Tiffany and Brett on "Love Is Blind" (Netflix)

"We really need to know someone through all seasons of the year," Manly said. "We do want to have a longer period of getting to know someone so that we understand how they behave in a wide variety of situations, how they respond to life, what their values are — and you simply can't can't find that out in a matter of months."

Berkheimer said it's also important to note that if contestants don't end up being physically attracted to each other, that doesn't mean their relationships are doomed.

"Physical attraction is just one piece of love and attraction."

"Physical attraction is just one piece of love and attraction," Berkheimer said. "Oftentimes, there are people who will connect with someone who they thought was 'hot' — and, after discussions, realize they had nothing in common and the spark is gone."

Intimacy, Berkheimer said, "builds from feeling seen and safe with a person who shares your core values."

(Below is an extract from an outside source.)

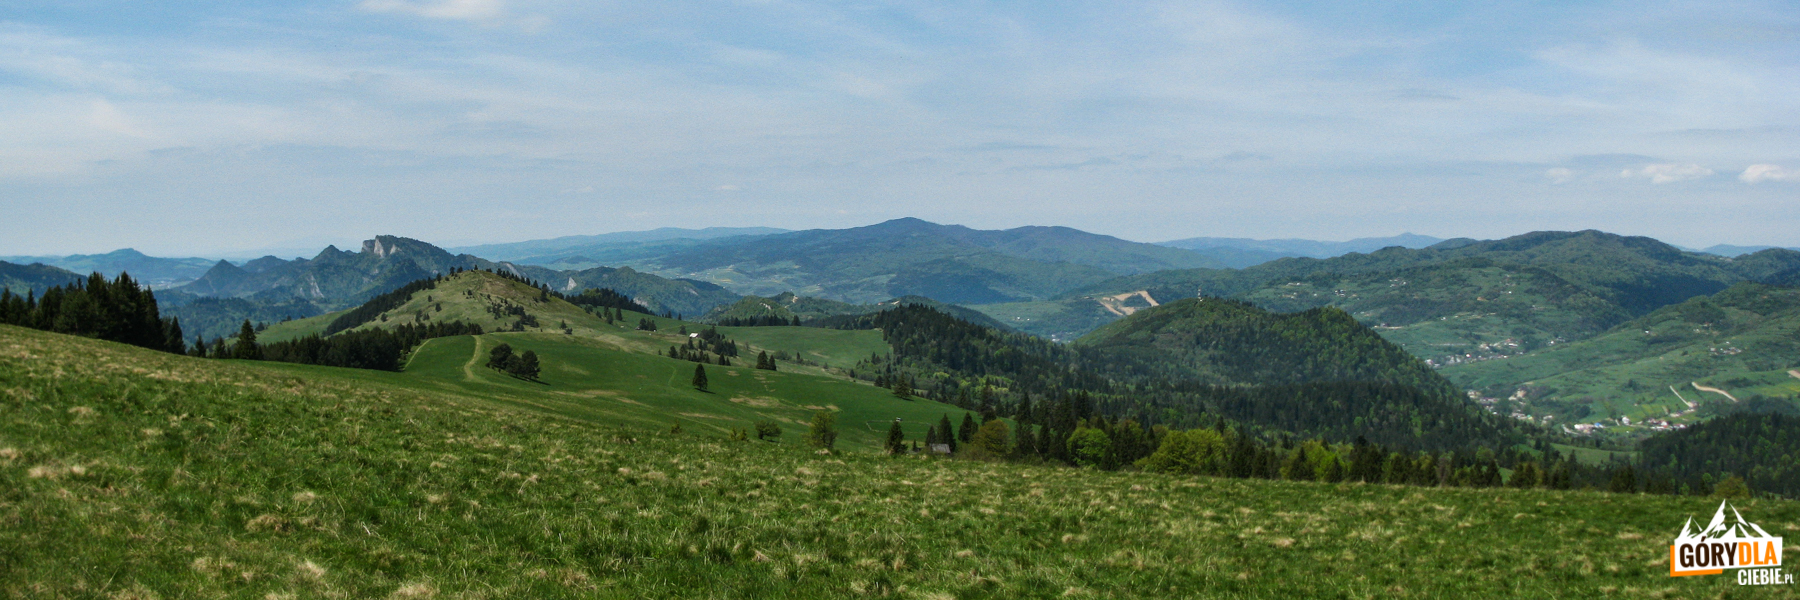 Widok z Durbaszki (934 m) - od lewej: Pieniny Właściwe (Trzy Korony), grań Małych Pienin (Wysoki Wierch), Gorce (Lubań), Beskid Wyspowy (Mogielica) i Pasmo Przehyby

I often ponder: would my husband and I have chosen each other in the pods? I don't love small talk, and typically our dinner conversations are dissimilar from the flirting that happens in the pods. We've been through our fair share of trials and tribulations in the six years since we met, including the birth of our child. "I think so," he always responds, reassuringly. But perhaps the truth is that it doesn't actually matter whether we would have hit it off in the pods or not. Ultimately, it's not about the fairy tale beginnings, but rather how we respond to messiness that takes flight once the cameras stop rolling.